WORK TASK: Could you restate the whole listing below word for word, minus the pictures?

SOURCE MATERIAL:
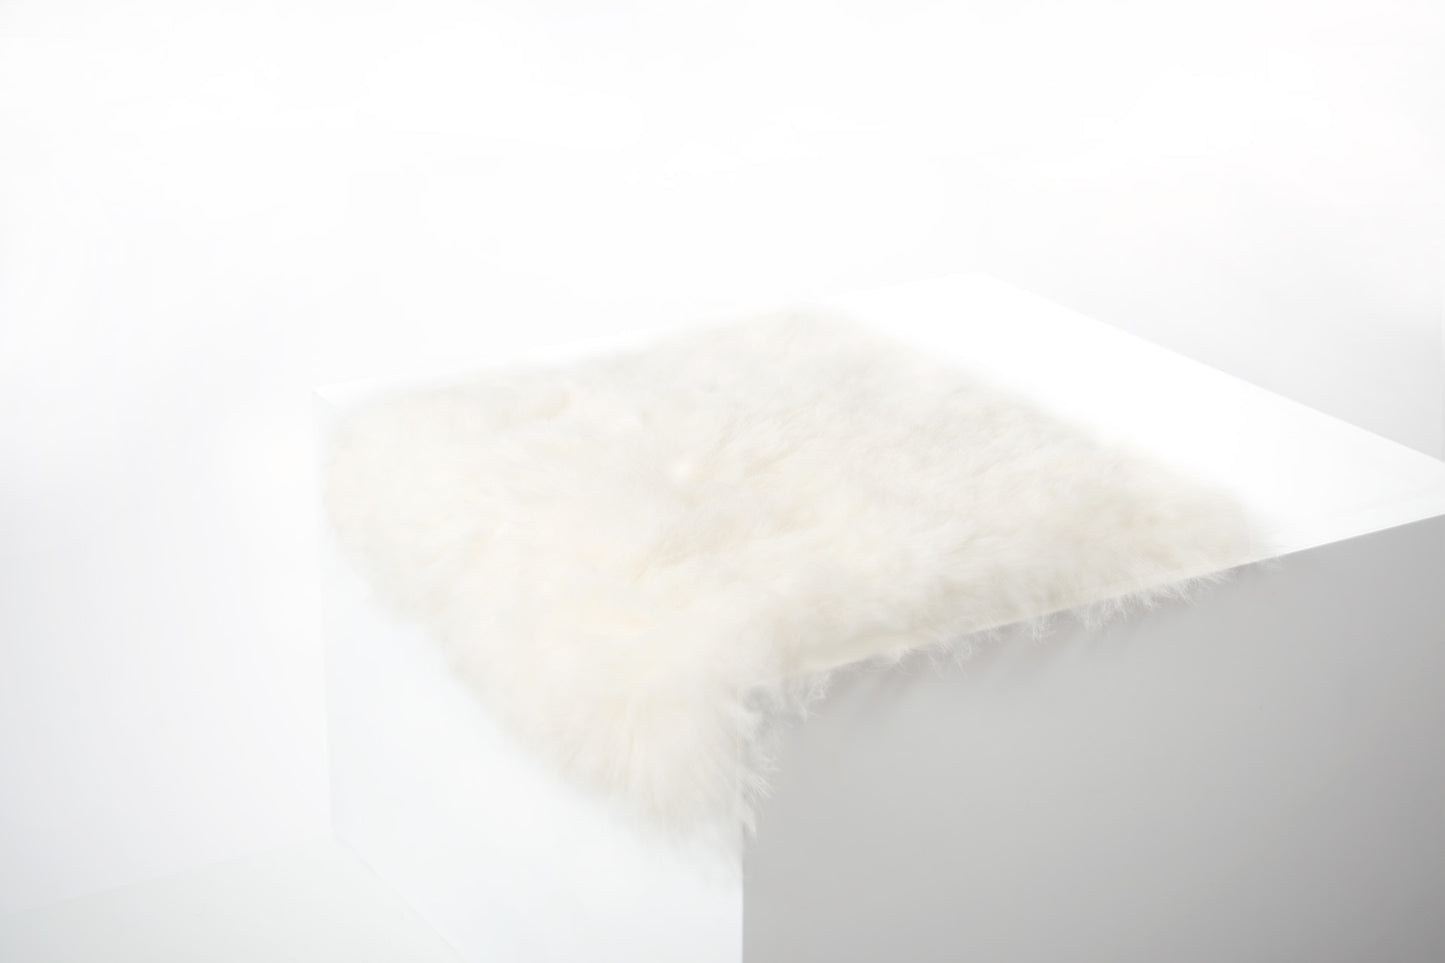 Shorn White Icelandic Sheepskin Chair Pad - Black Sheep (White Light)
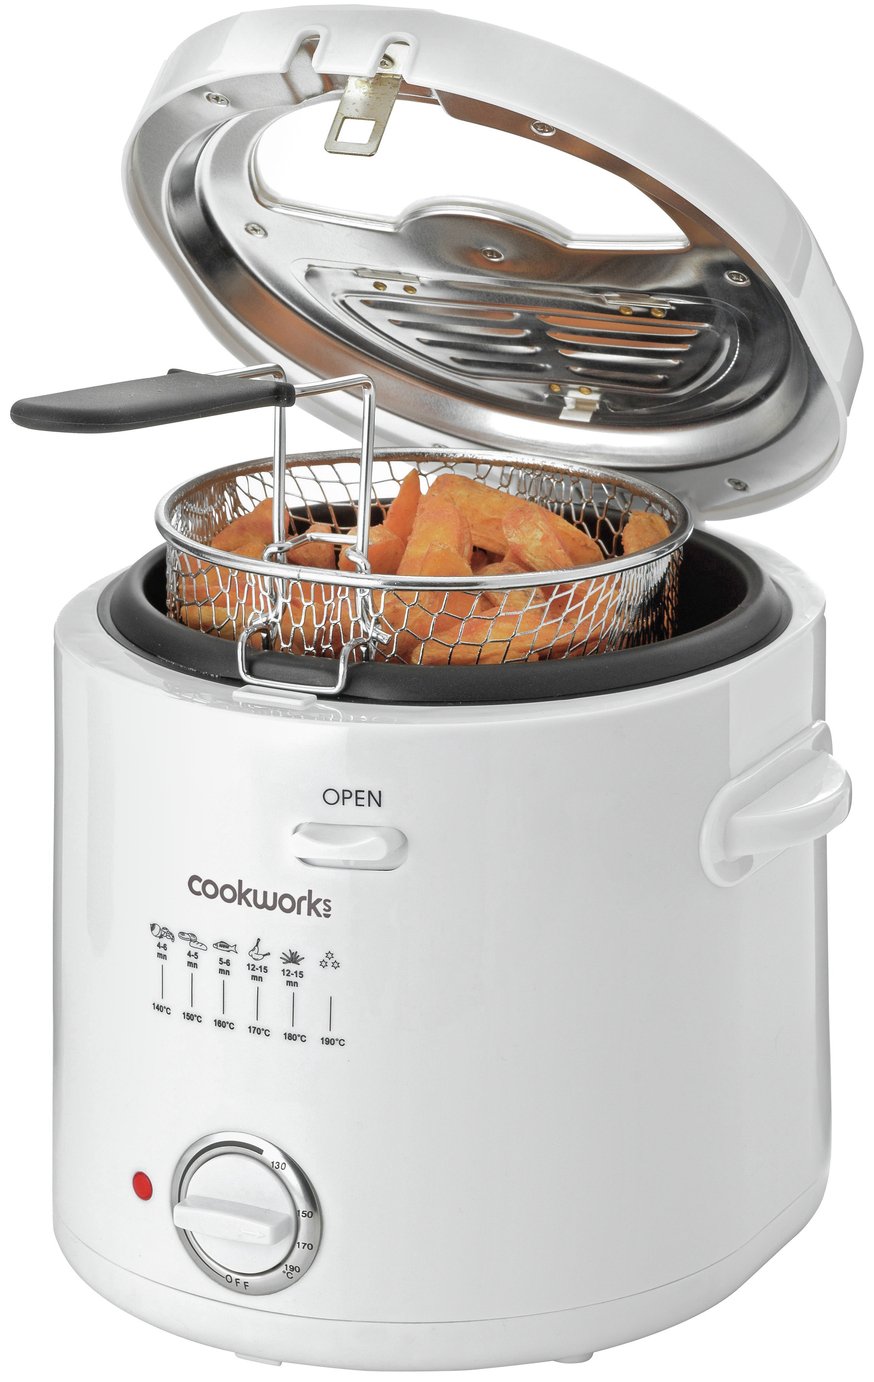 Cookworks 1.5L Deep Fat Fryer review
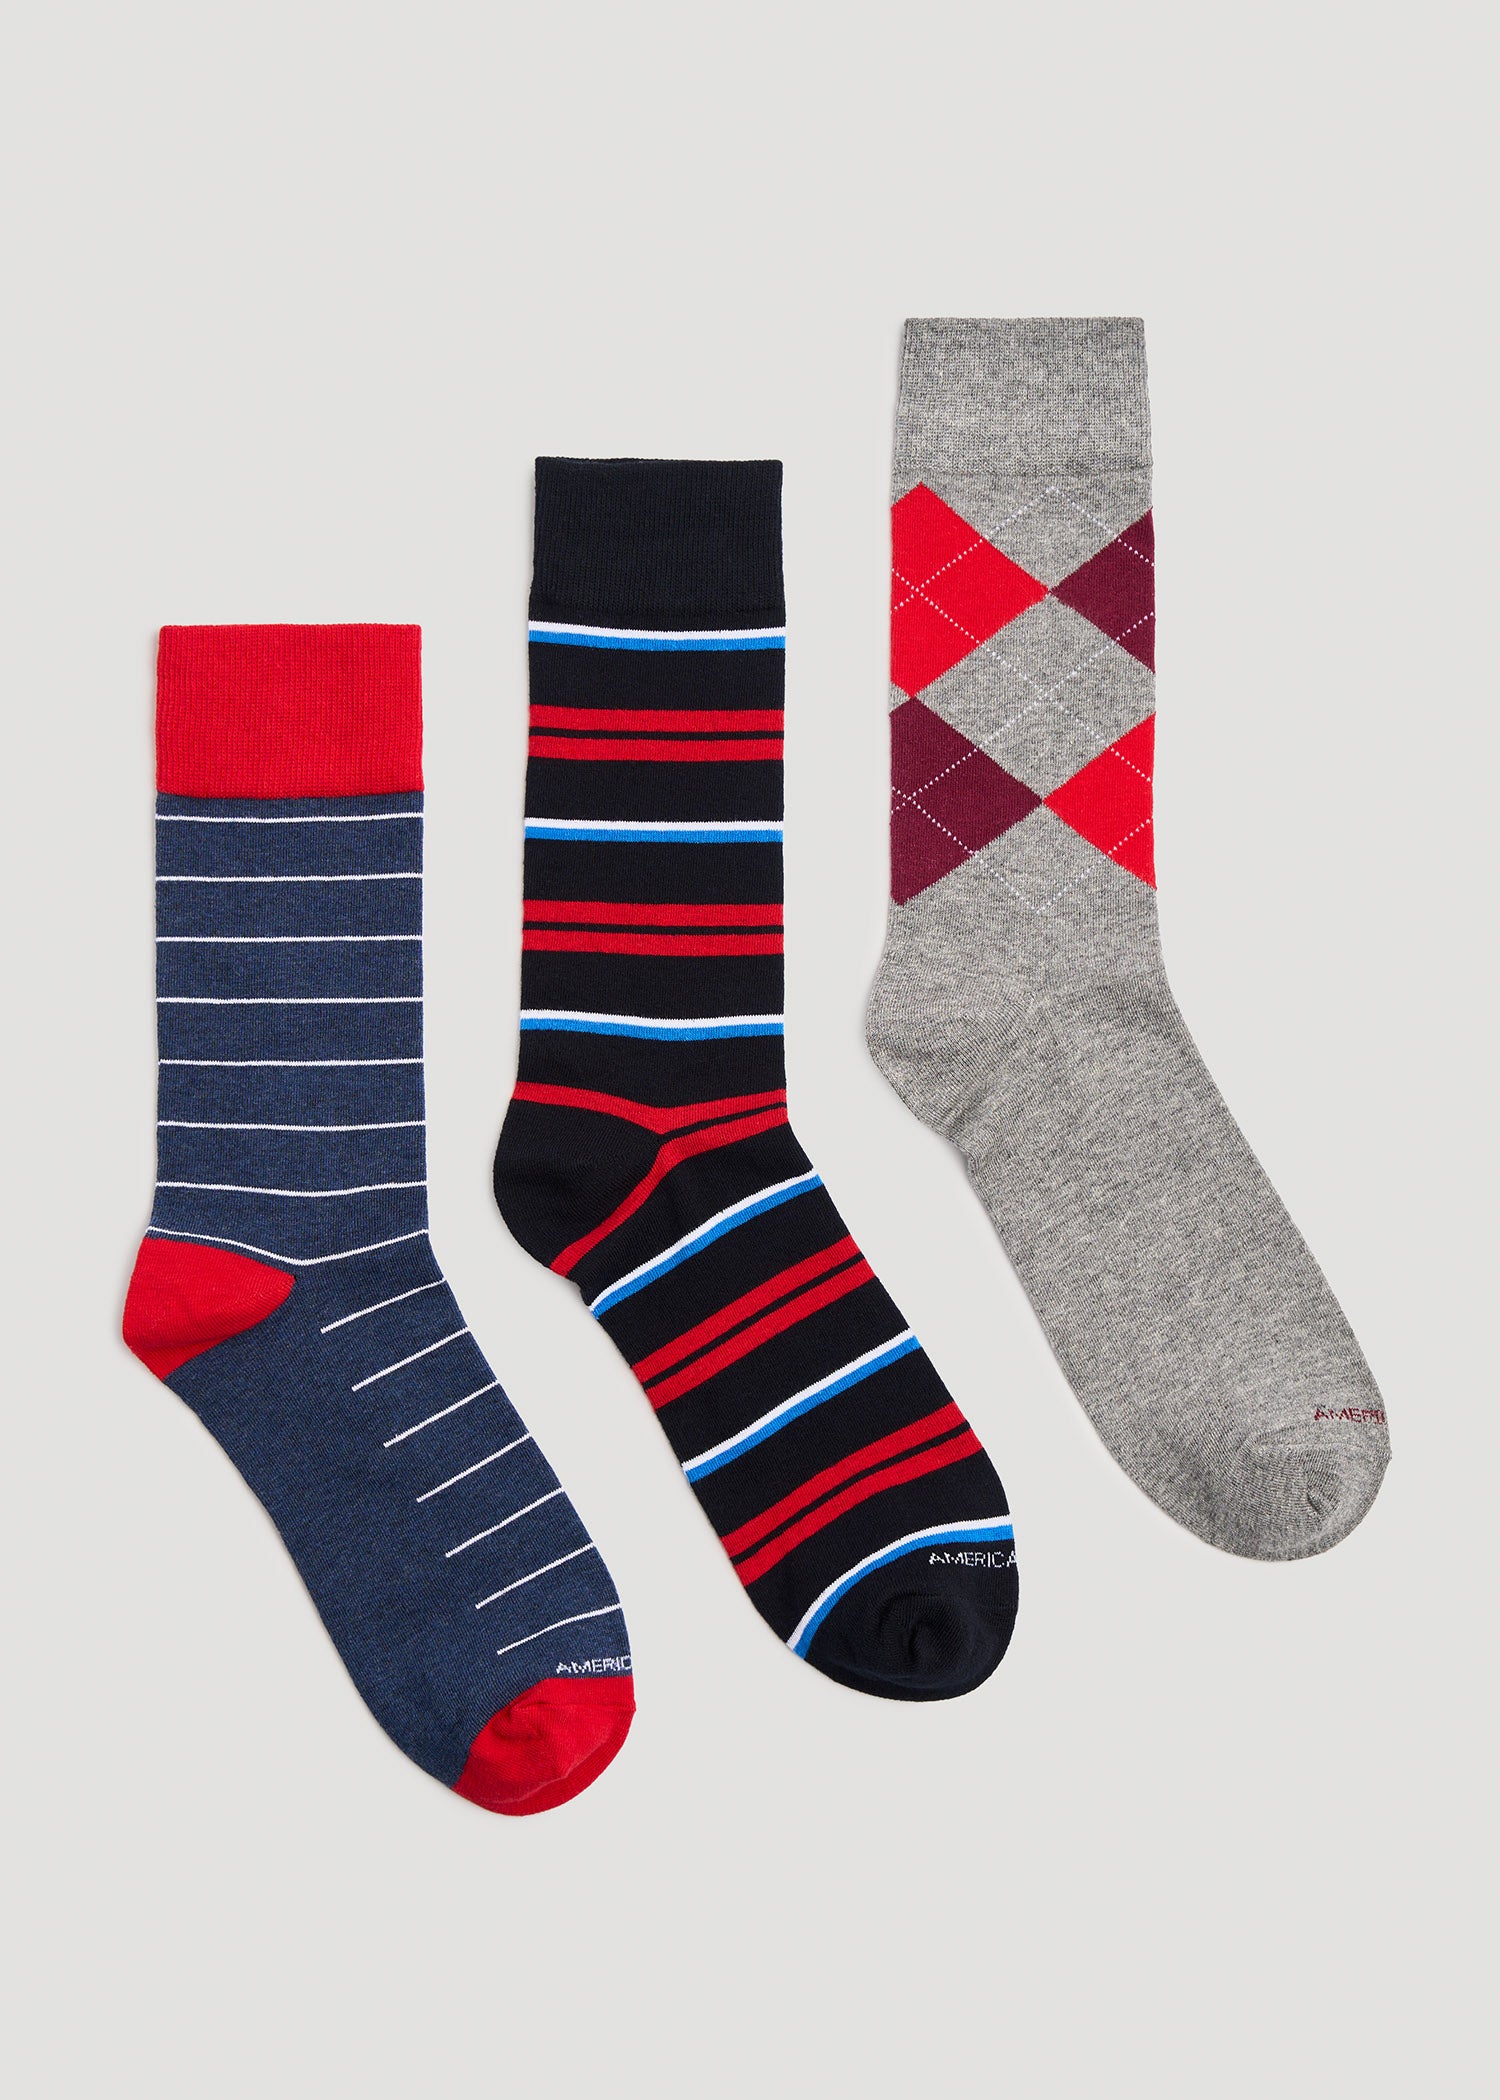 Tommy Hilfiger Men's Trouser Socks One Size 6-10

OUTPUT OF THE EXERCISE:
 Shorn White Icelandic Sheepskin Chair Pad - Black Sheep (White Light)
 Cookworks 1.5L Deep Fat Fryer review
 Tommy Hilfiger Men's Trouser Socks One Size 6-10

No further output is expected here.